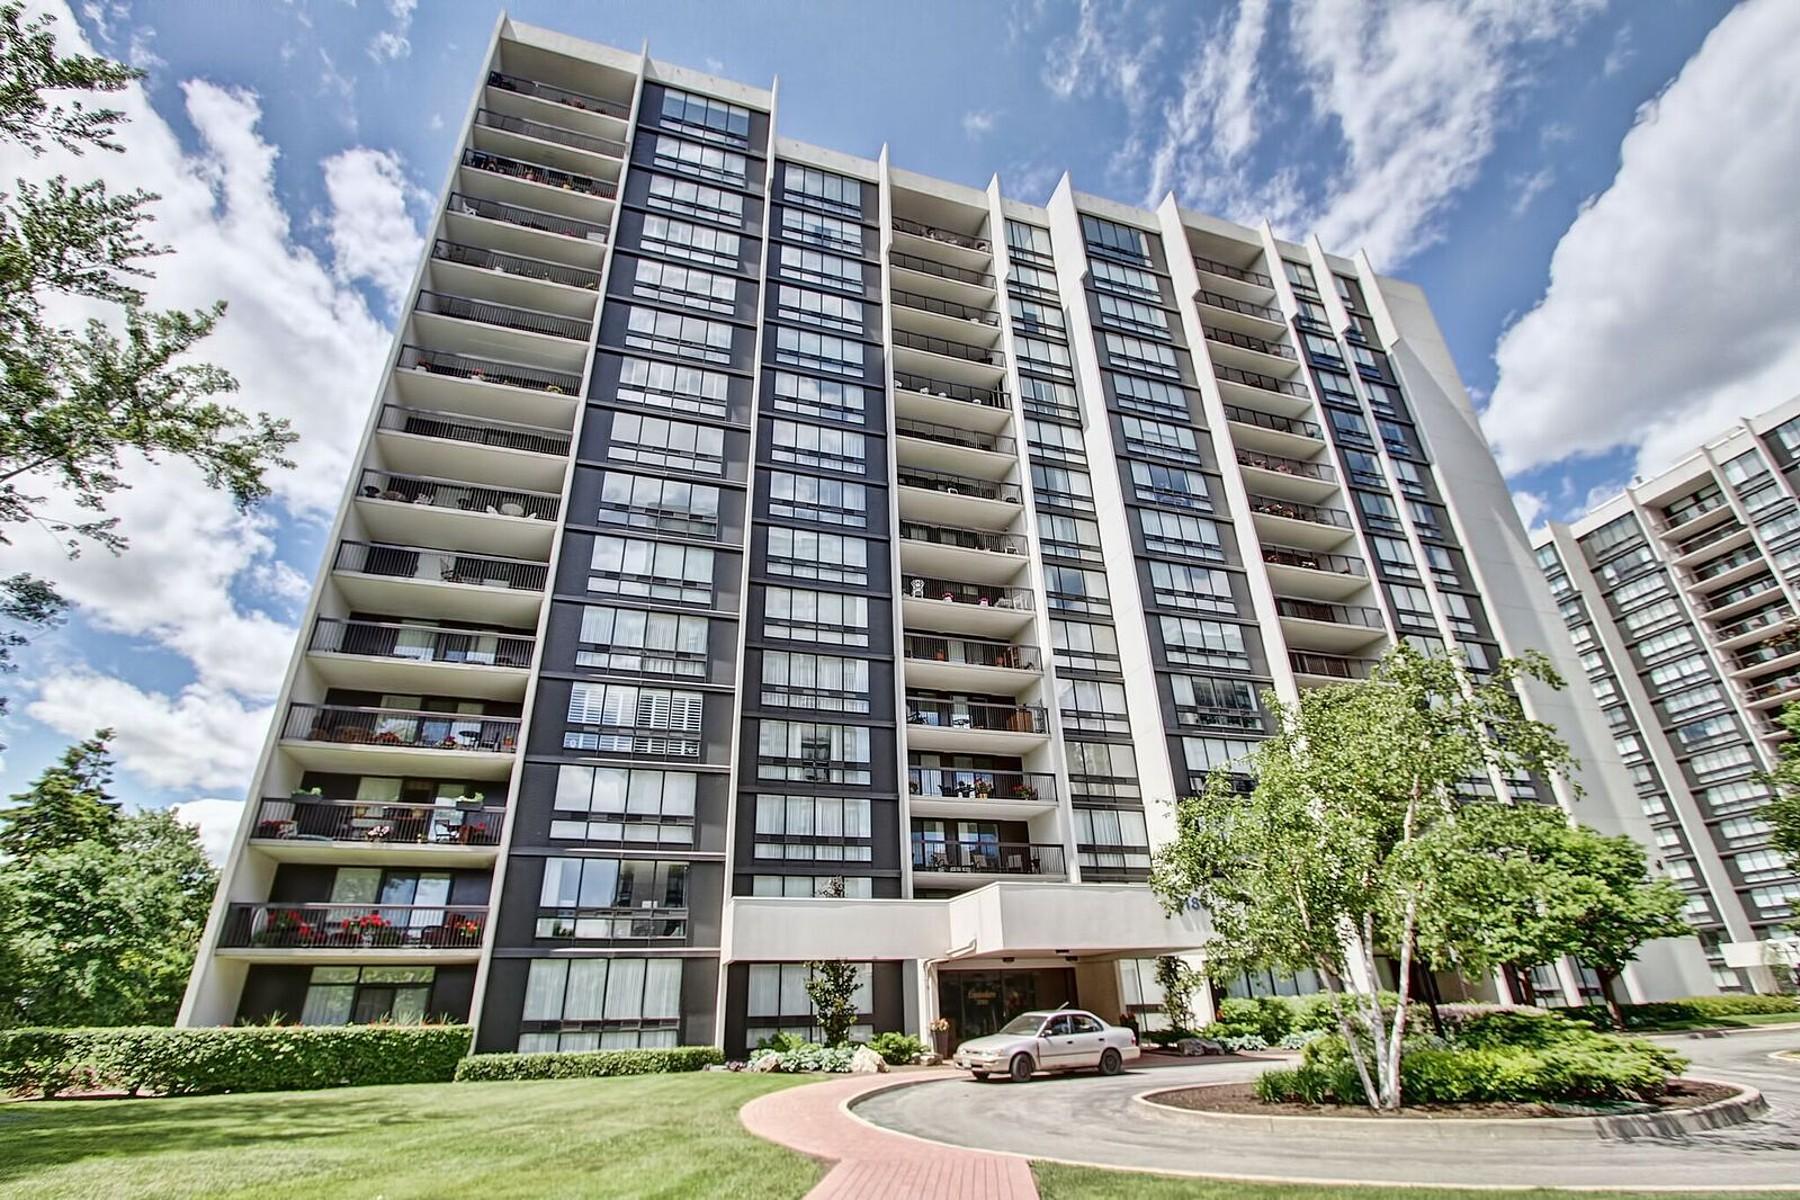 Кооперативная квартира для того Продажа на Ennisclare On The Lake 2185 Marine Dr Oakville, Онтарио, L5L6L6 Канада
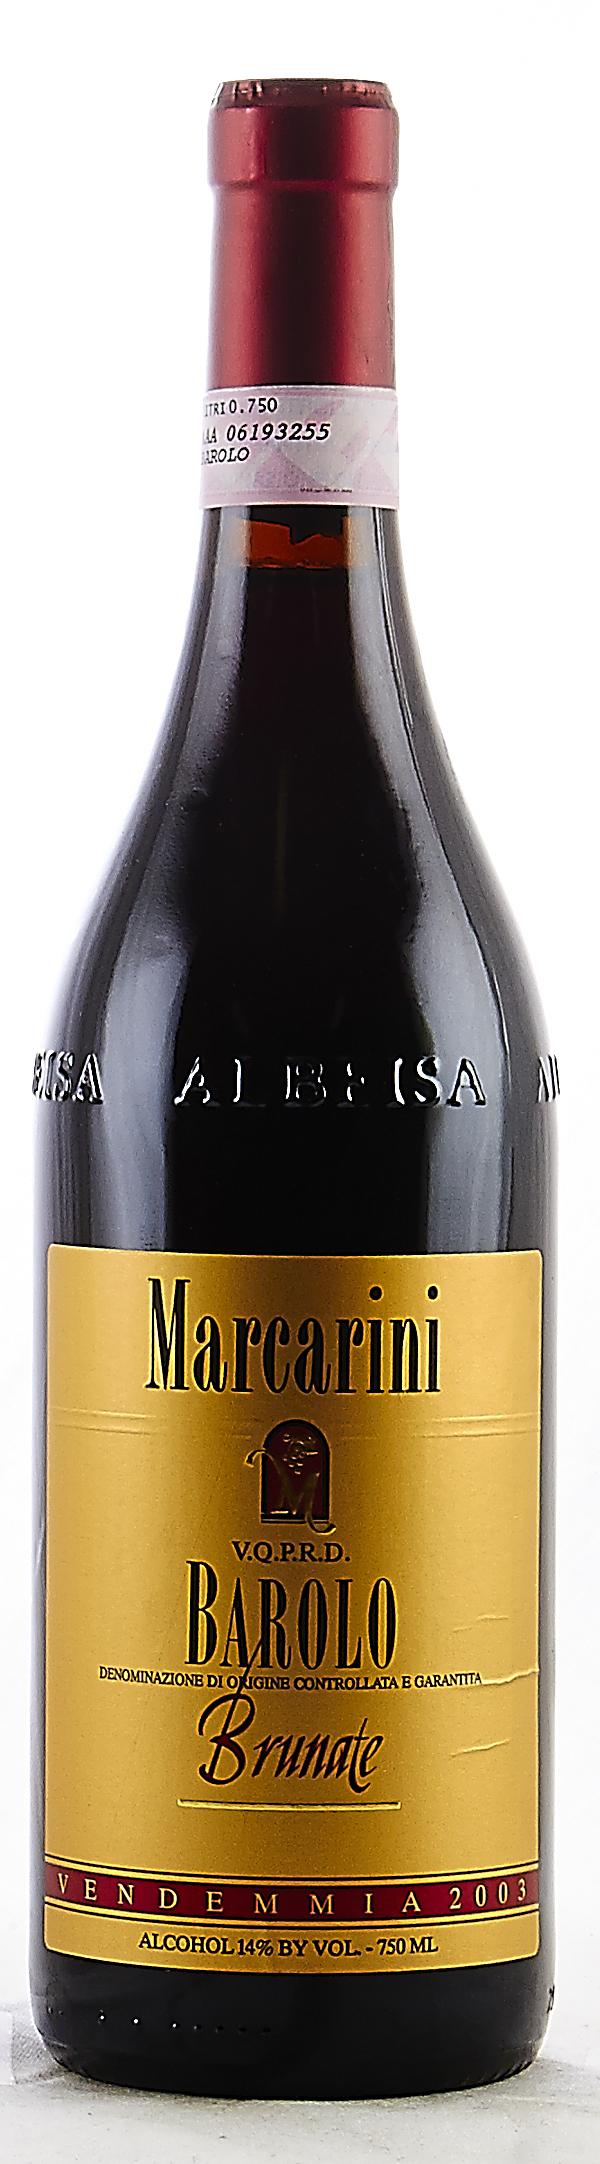 Barolo Brunate Marcarini 2003 Marcarini Barolo Brunate
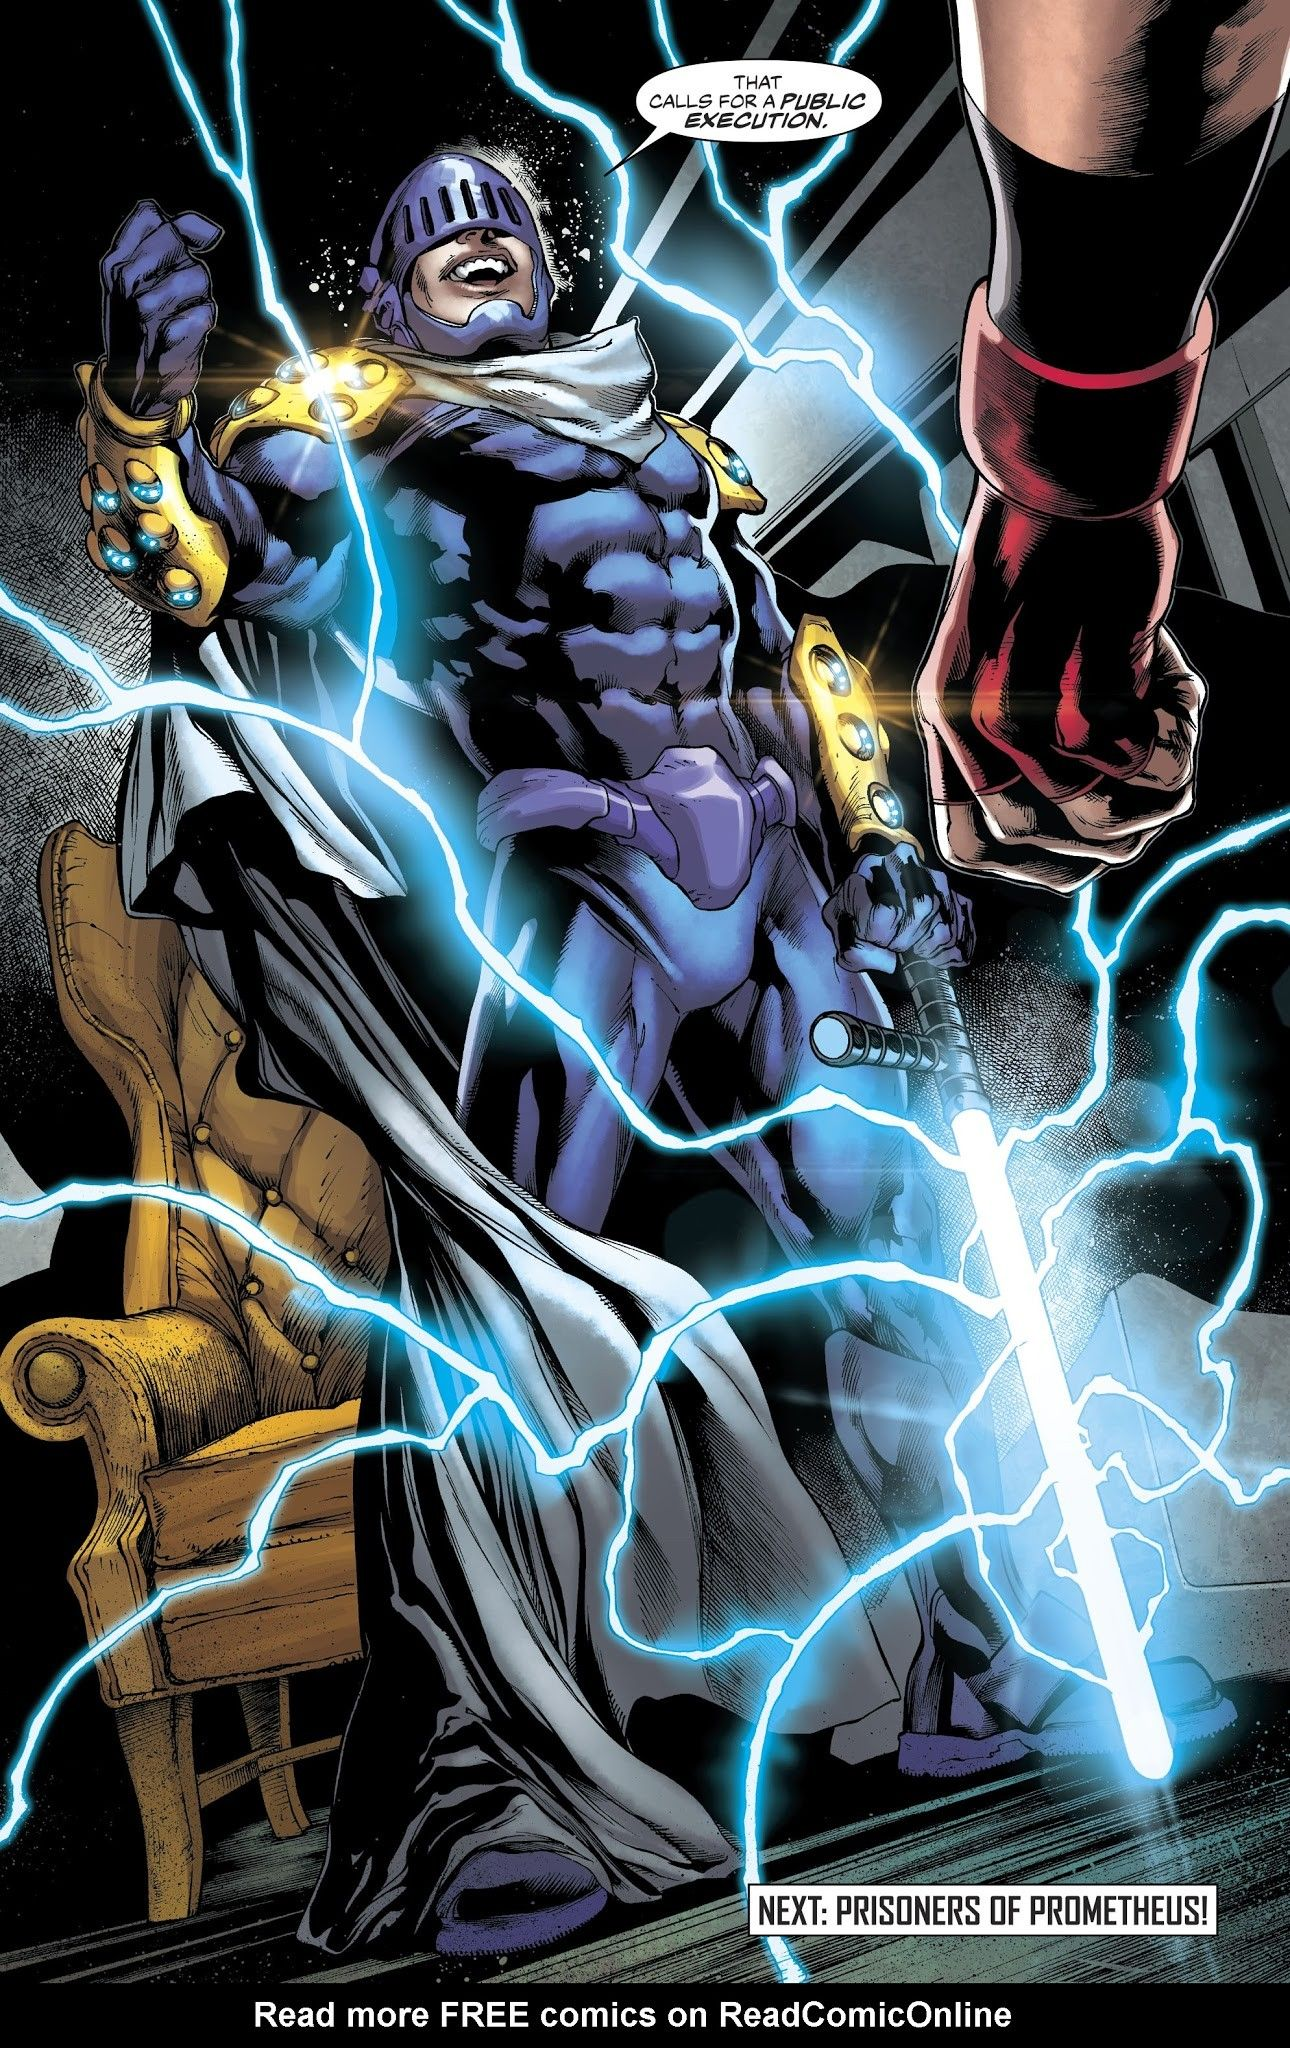 Prometheus#8 | TOP 10 | Comic character, Dc comics, Dc

===

■ Problem to work on ■
Word for word, quote the full listing, omitting every picture.

■ Solution below ■
 Кооперативная квартира для того Продажа на Ennisclare On The Lake 2185 Marine Dr Oakville, Онтарио, L5L6L6 Канада
 Barolo Brunate Marcarini 2003 Marcarini Barolo Brunate
 Prometheus#8 | TOP 10 | Comic character, Dc comics, Dc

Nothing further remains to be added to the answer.